- _RECORDED DATA_:
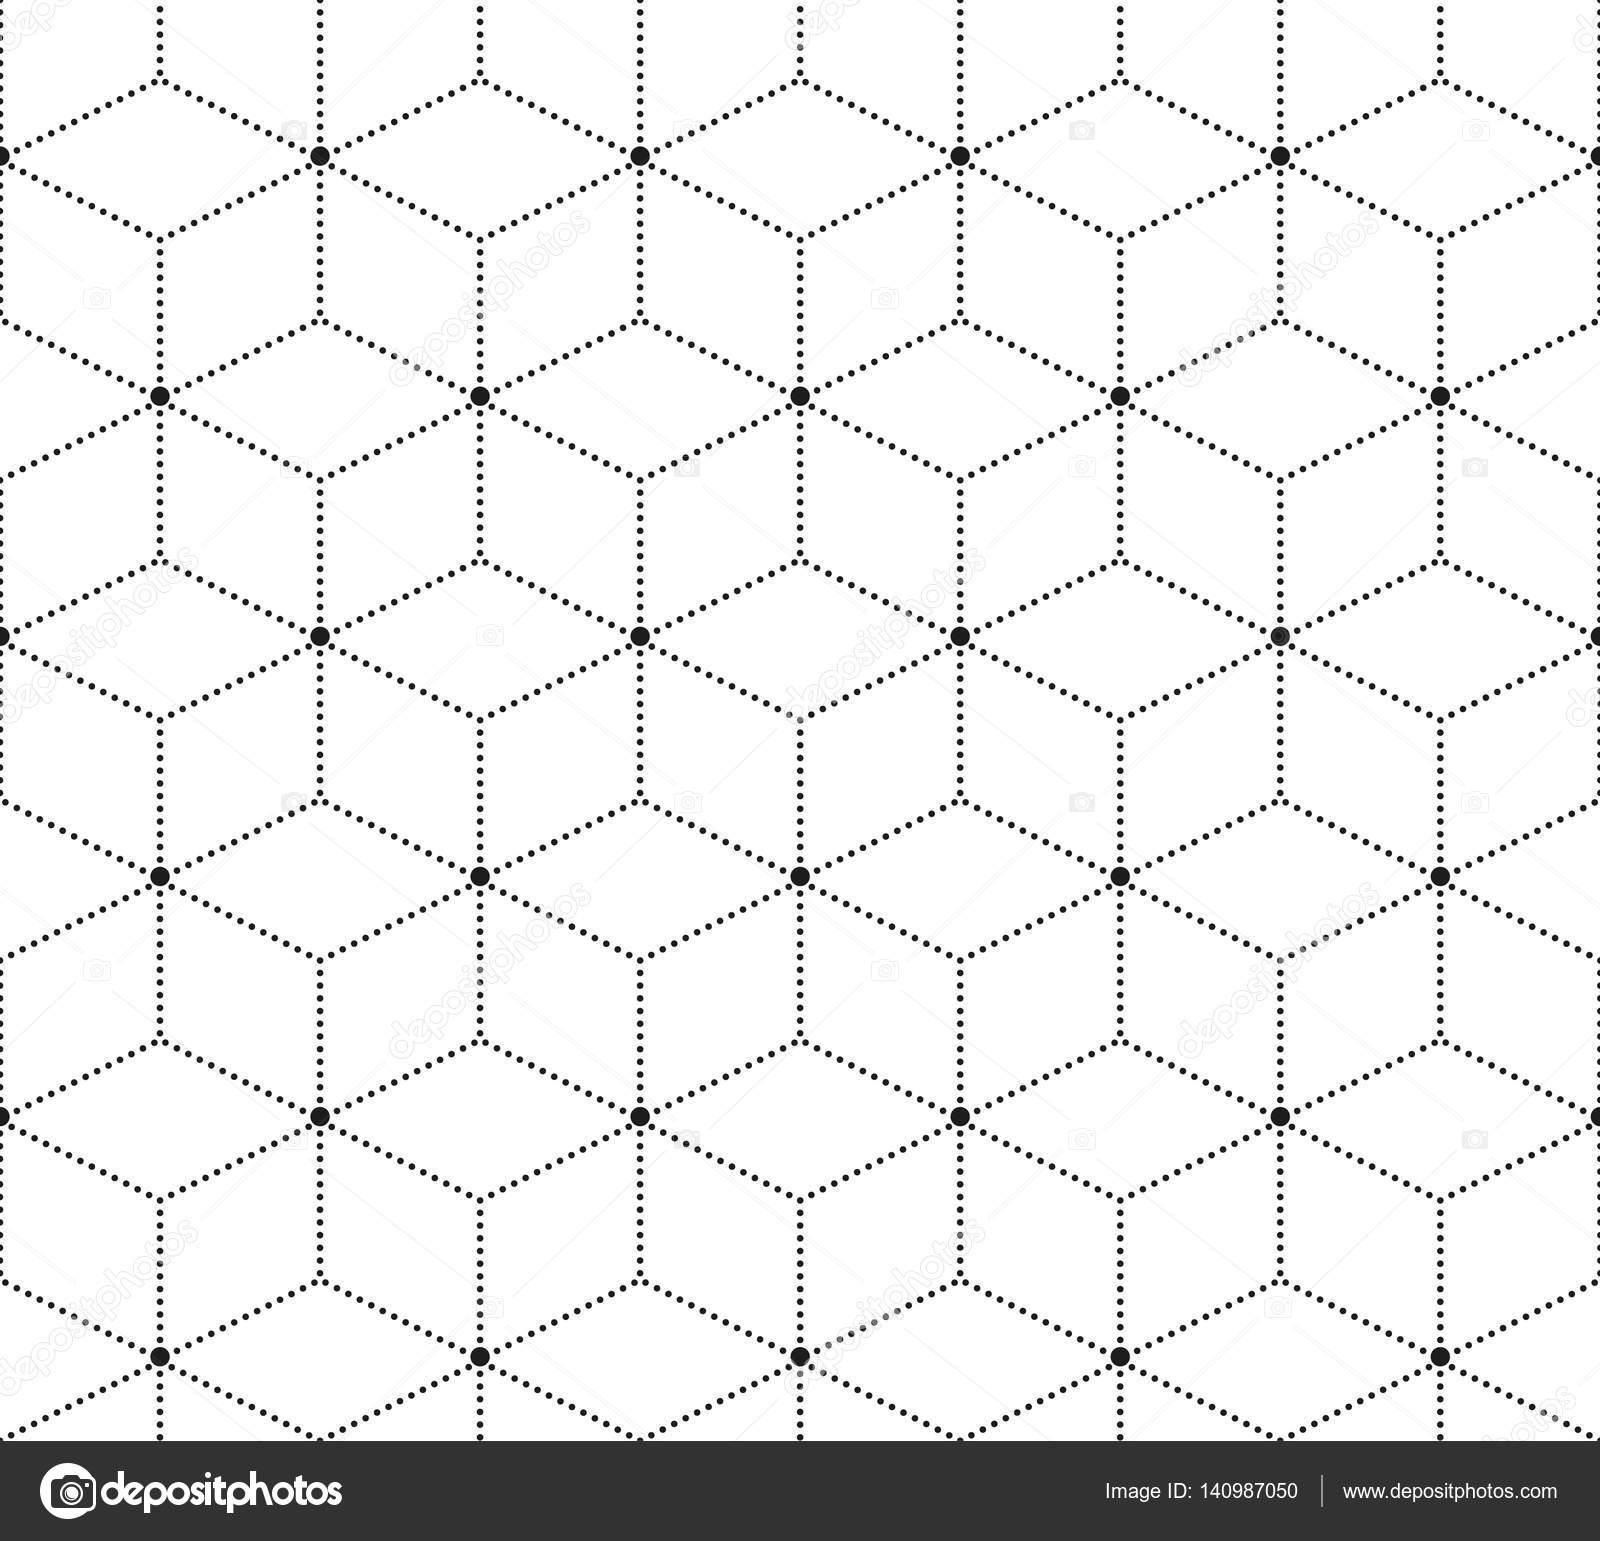 https depositphotos com 140987050 stock illustration black and white seamless pattern html
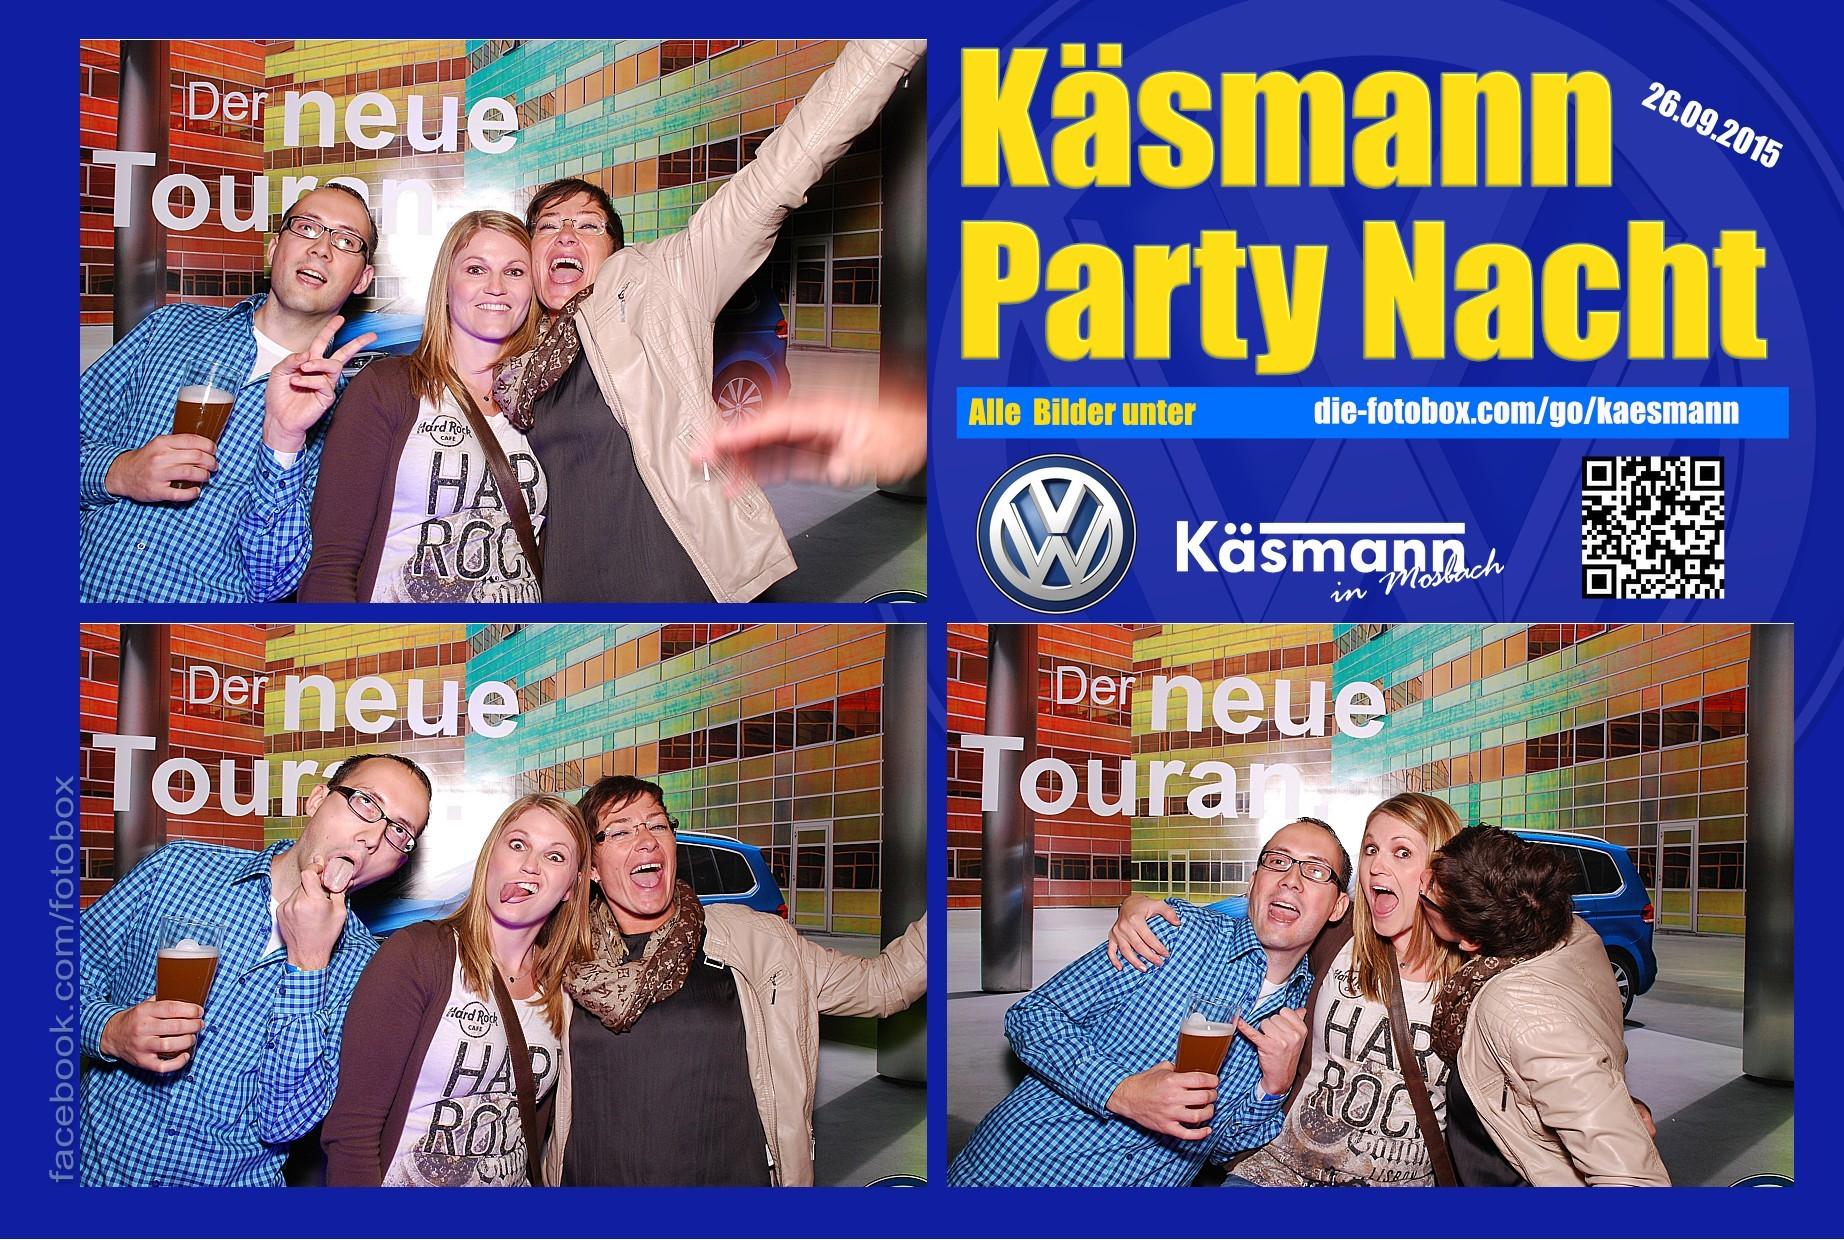 Käsmannparty 2015 - www.die-fotobox.com 01391
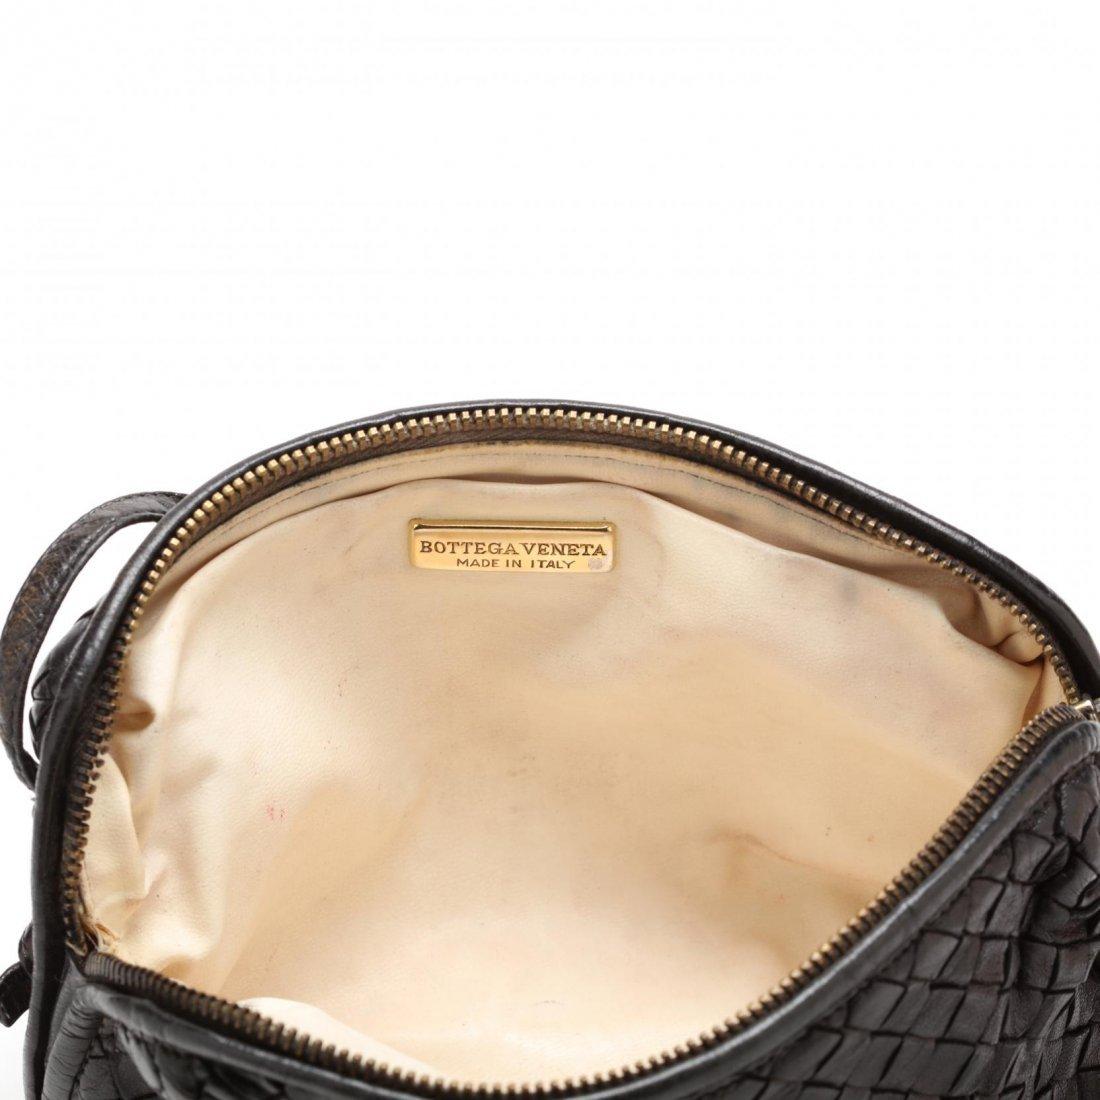 Two Cross-body Bags, Bottega Veneta - 4

- _YOUR ASSIGNMENT_: Print the material word for word without images.

- _EXERCISE SOLUTION_:
 https depositphotos com 140987050 stock illustration black and white seamless pattern html
 Käsmannparty 2015 - www.die-fotobox.com 01391
 Two Cross-body Bags, Bottega Veneta - 4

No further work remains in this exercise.